How to complete this task:
When writing out the listing below, reproduce every word exactly and skip the pictures.
-------- Exercise data --------
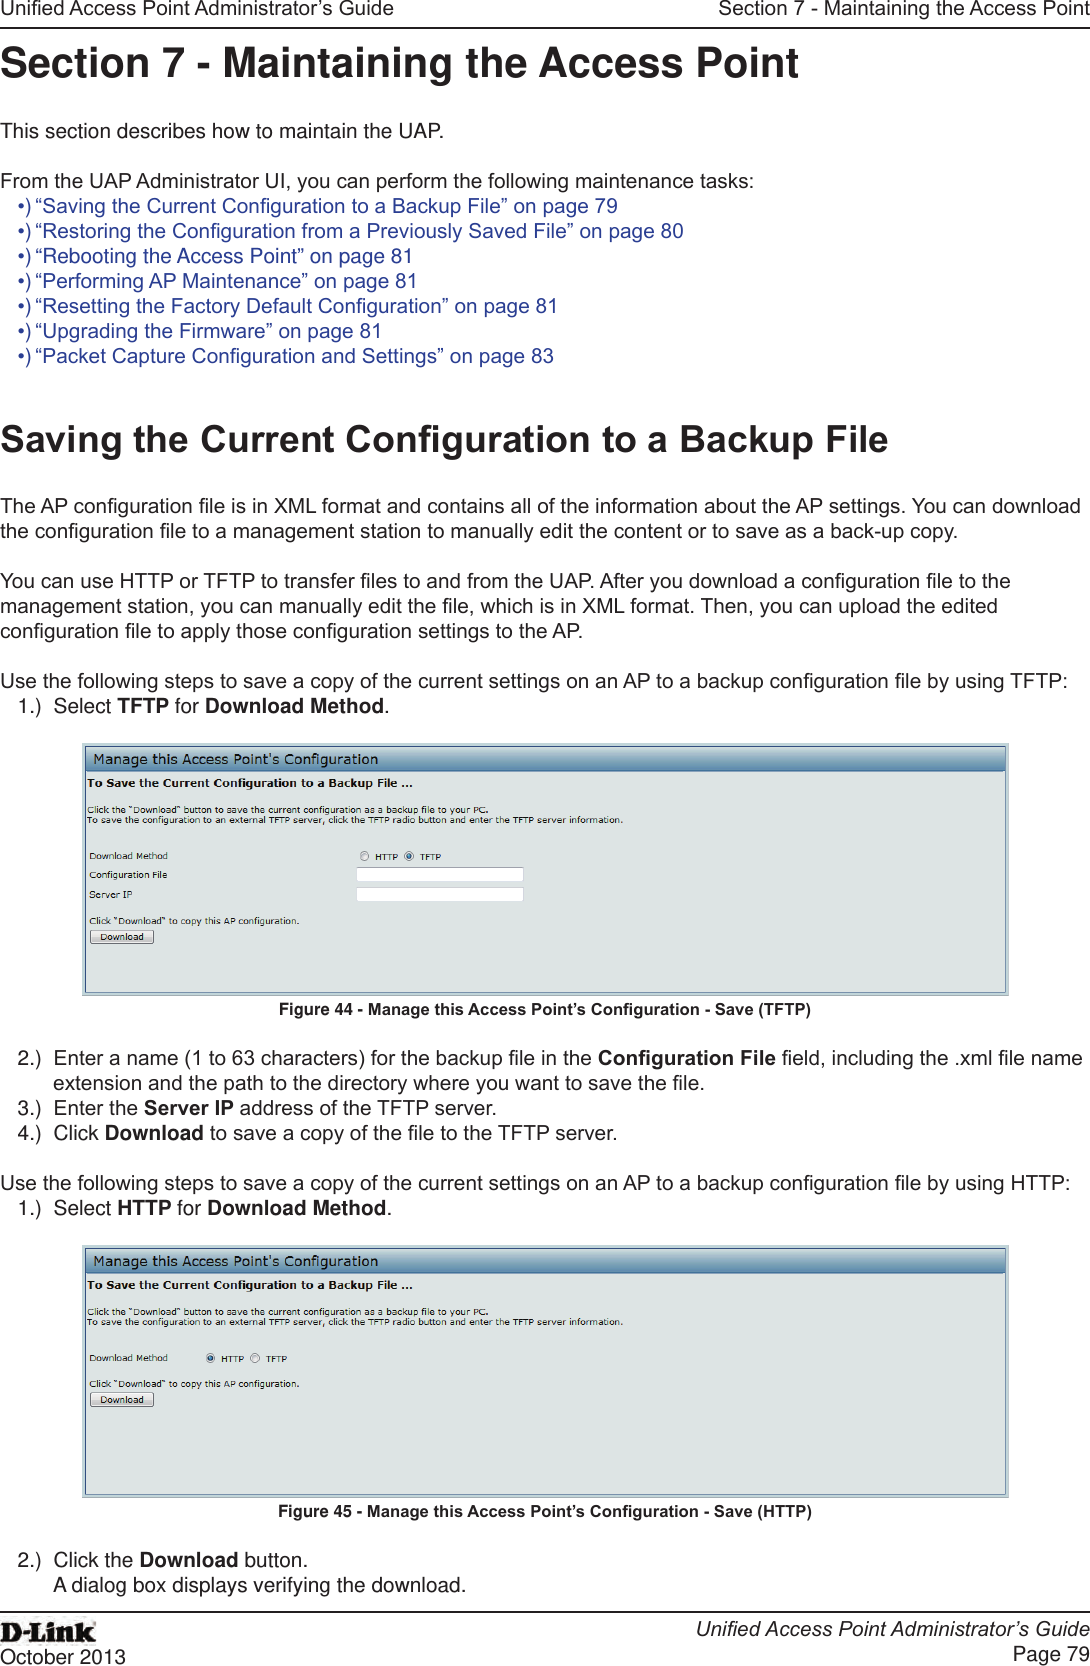 Unied Access Point Administrator’s GuideUnied Access Point Administrator’s GuidePage 79October 2013Section 7 - Maintaining the Access PointSection 7 - Maintaining the Access PointThis section describes how to maintain the UAP.From the UAP Administrator UI, you can perform the following maintenance tasks:•) “Saving the Current Conguration to a Backup File” on page 79•) “Restoring the Conguration from a Previously Saved File” on page 80•) “Rebooting the Access Point” on page 81•) “Performing AP Maintenance” on page 81•) “Resetting the Factory Default Conguration” on page 81•) “Upgrading the Firmware” on page 81•) “Packet Capture Conguration and Settings” on page 83Saving the Current Conguration to a Backup FileThe AP conguration le is in XML format and contains all of the information about the AP settings. You can download the conguration le to a management station to manually edit the content or to save as a back-up copy. You can use HTTP or TFTP to transfer les to and from the UAP. After you download a conguration le to the management station, you can manually edit the le, which is in XML format. Then, you can upload the edited conguration le to apply those conguration settings to the AP.Use the following steps to save a copy of the current settings on an AP to a backup conguration le by using TFTP:1.)  Select TFTP for Download Method.Figure 44 - Manage this Access Point’s Conguration - Save (TFTP)2.)  Enter a name (1 to 63 characters) for the backup le in the Conguration File eld, including the .xml le name extension and the path to the directory where you want to save the le.3.)  Enter the Server IP address of the TFTP server.4.)  Click Download to save a copy of the le to the TFTP server.Use the following steps to save a copy of the current settings on an AP to a backup conguration le by using HTTP:1.)  Select HTTP for Download Method.Figure 45 - Manage this Access Point’s Conguration - Save (HTTP)2.)  Click the Download button.A dialog box displays verifying the download.
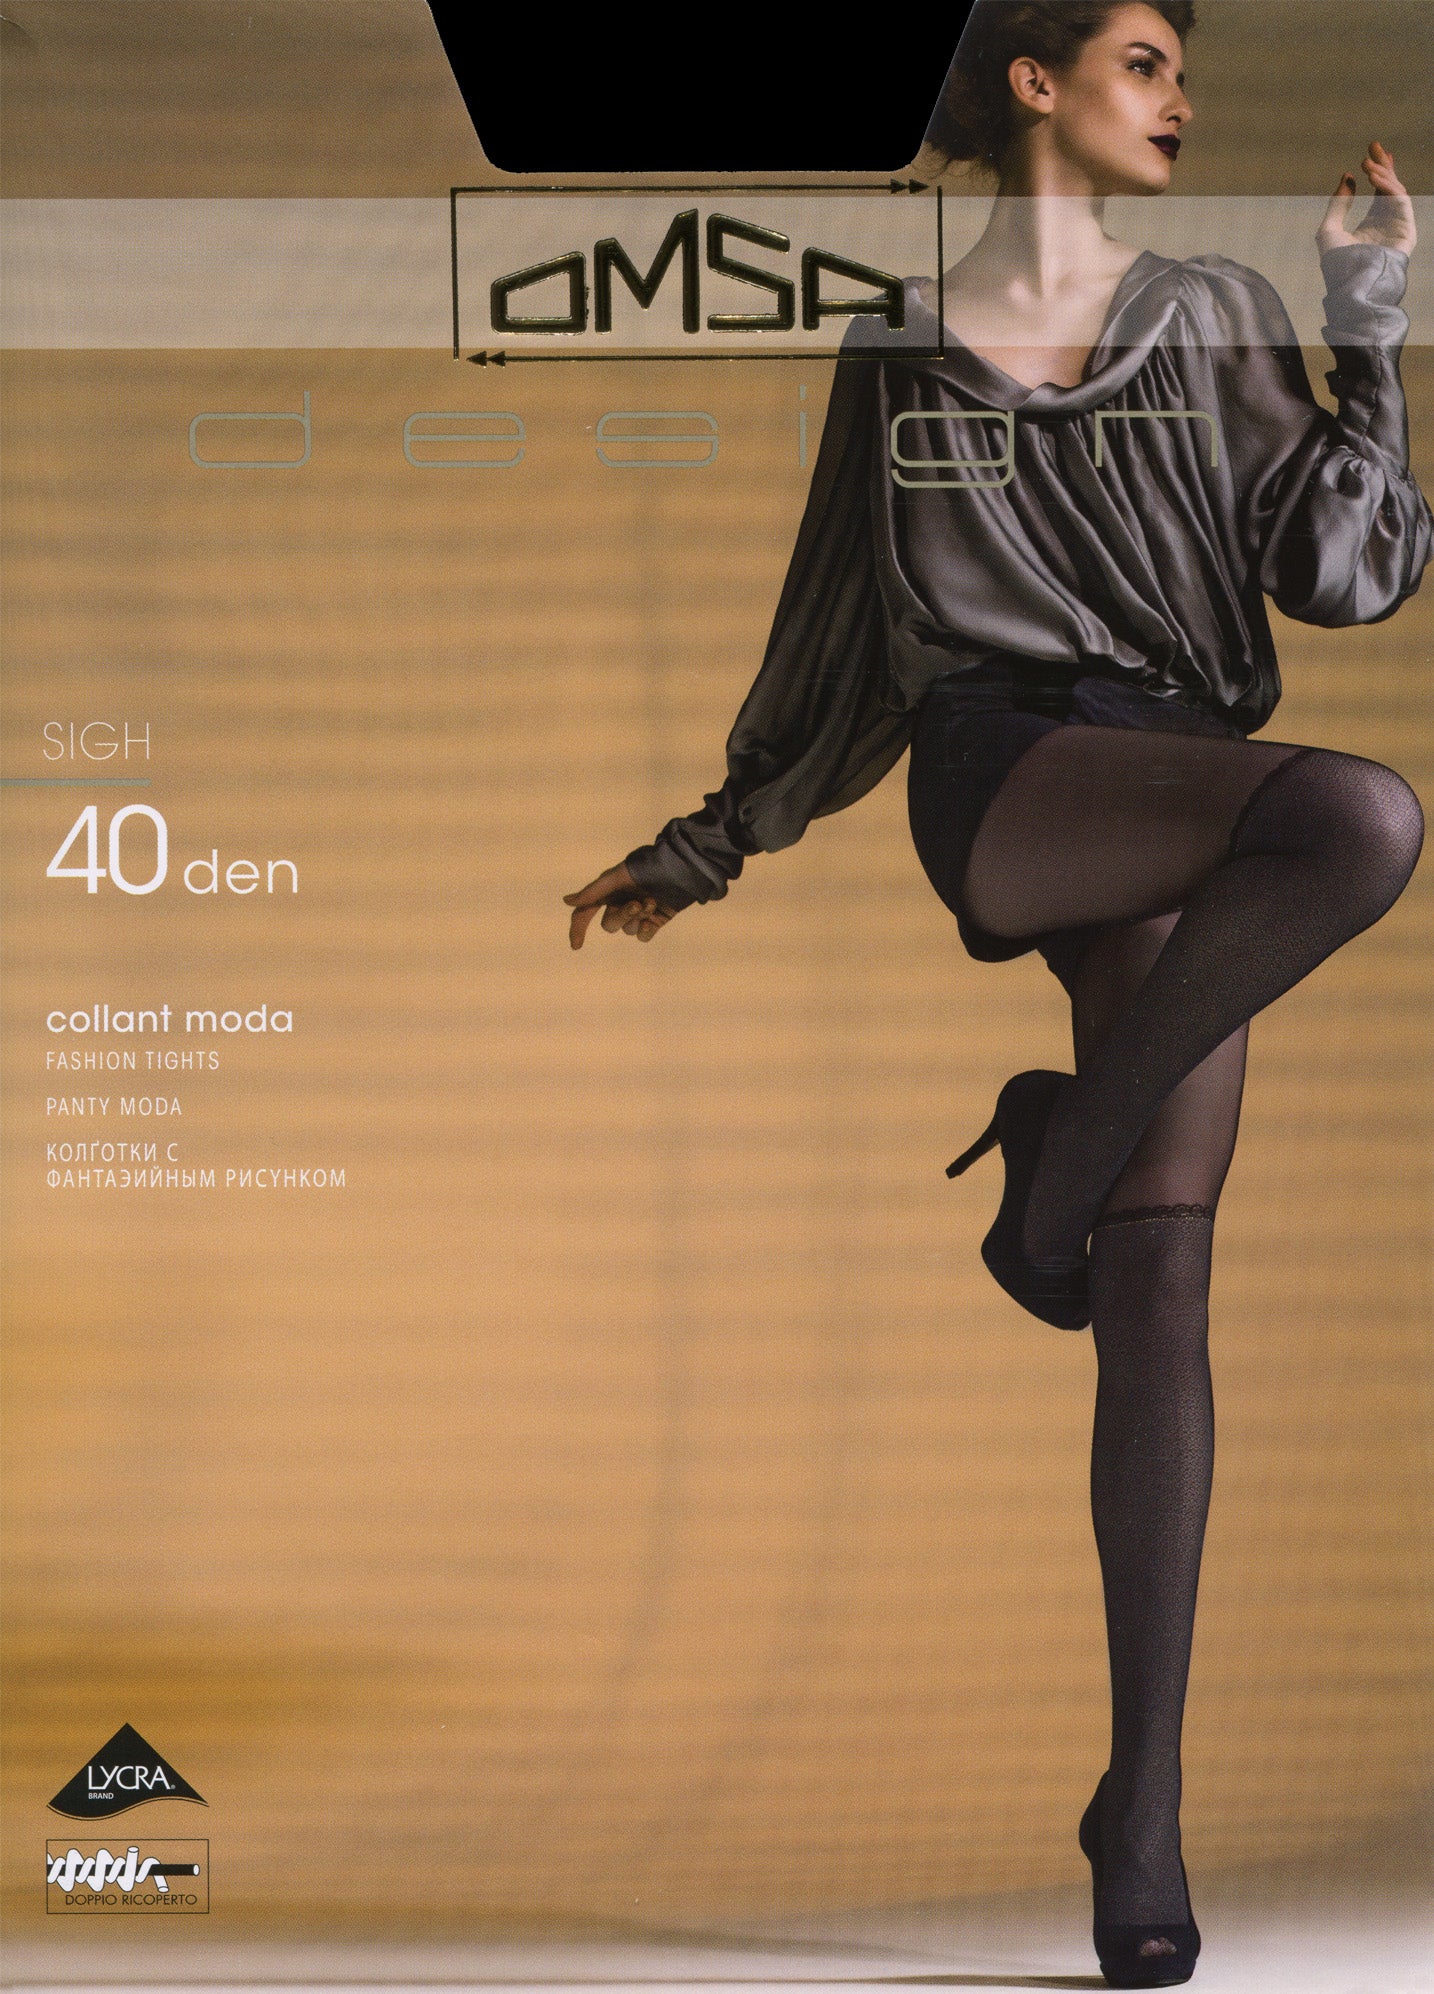 Omsa 3228 Sigh Collant - mock over the knee sock effect fashion tights with silver lurex, available in black/grey and purple
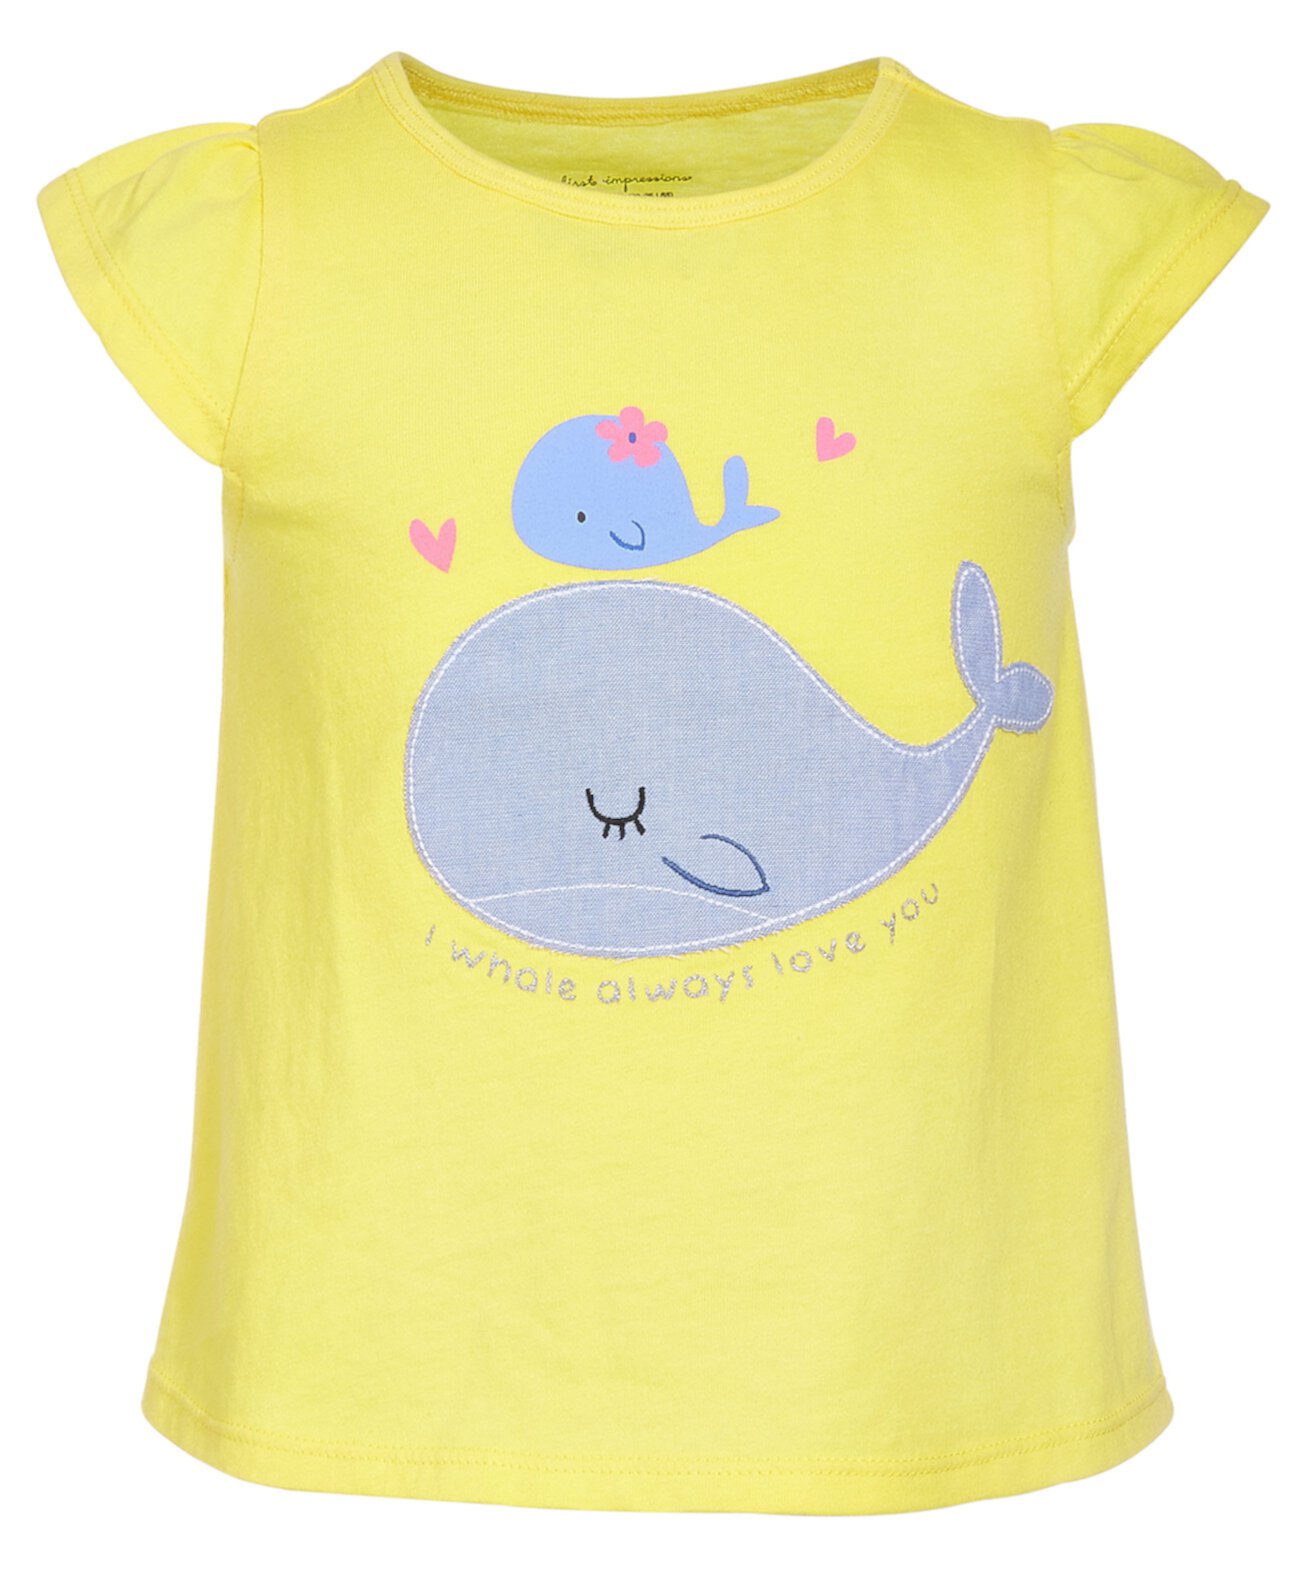 Toddler Girls Whale Love Cotton Top, Created for Macy's First Impressions
--------
Solution:
 Unied Access Point Administrator’s GuideUnied Access Point Administrator’s GuidePage 79October 2013Section 7 - Maintaining the Access PointSection 7 - Maintaining the Access PointThis section describes how to maintain the UAP.From the UAP Administrator UI, you can perform the following maintenance tasks:•) “Saving the Current Conguration to a Backup File” on page 79•) “Restoring the Conguration from a Previously Saved File” on page 80•) “Rebooting the Access Point” on page 81•) “Performing AP Maintenance” on page 81•) “Resetting the Factory Default Conguration” on page 81•) “Upgrading the Firmware” on page 81•) “Packet Capture Conguration and Settings” on page 83Saving the Current Conguration to a Backup FileThe AP conguration le is in XML format and contains all of the information about the AP settings. You can download the conguration le to a management station to manually edit the content or to save as a back-up copy. You can use HTTP or TFTP to transfer les to and from the UAP. After you download a conguration le to the management station, you can manually edit the le, which is in XML format. Then, you can upload the edited conguration le to apply those conguration settings to the AP.Use the following steps to save a copy of the current settings on an AP to a backup conguration le by using TFTP:1.)  Select TFTP for Download Method.Figure 44 - Manage this Access Point’s Conguration - Save (TFTP)2.)  Enter a name (1 to 63 characters) for the backup le in the Conguration File eld, including the .xml le name extension and the path to the directory where you want to save the le.3.)  Enter the Server IP address of the TFTP server.4.)  Click Download to save a copy of the le to the TFTP server.Use the following steps to save a copy of the current settings on an AP to a backup conguration le by using HTTP:1.)  Select HTTP for Download Method.Figure 45 - Manage this Access Point’s Conguration - Save (HTTP)2.)  Click the Download button.A dialog box displays verifying the download.
 Omsa 3228 Sigh Collant - mock over the knee sock effect fashion tights with silver lurex, available in black/grey and purple
 Toddler Girls Whale Love Cotton Top, Created for Macy's First Impressions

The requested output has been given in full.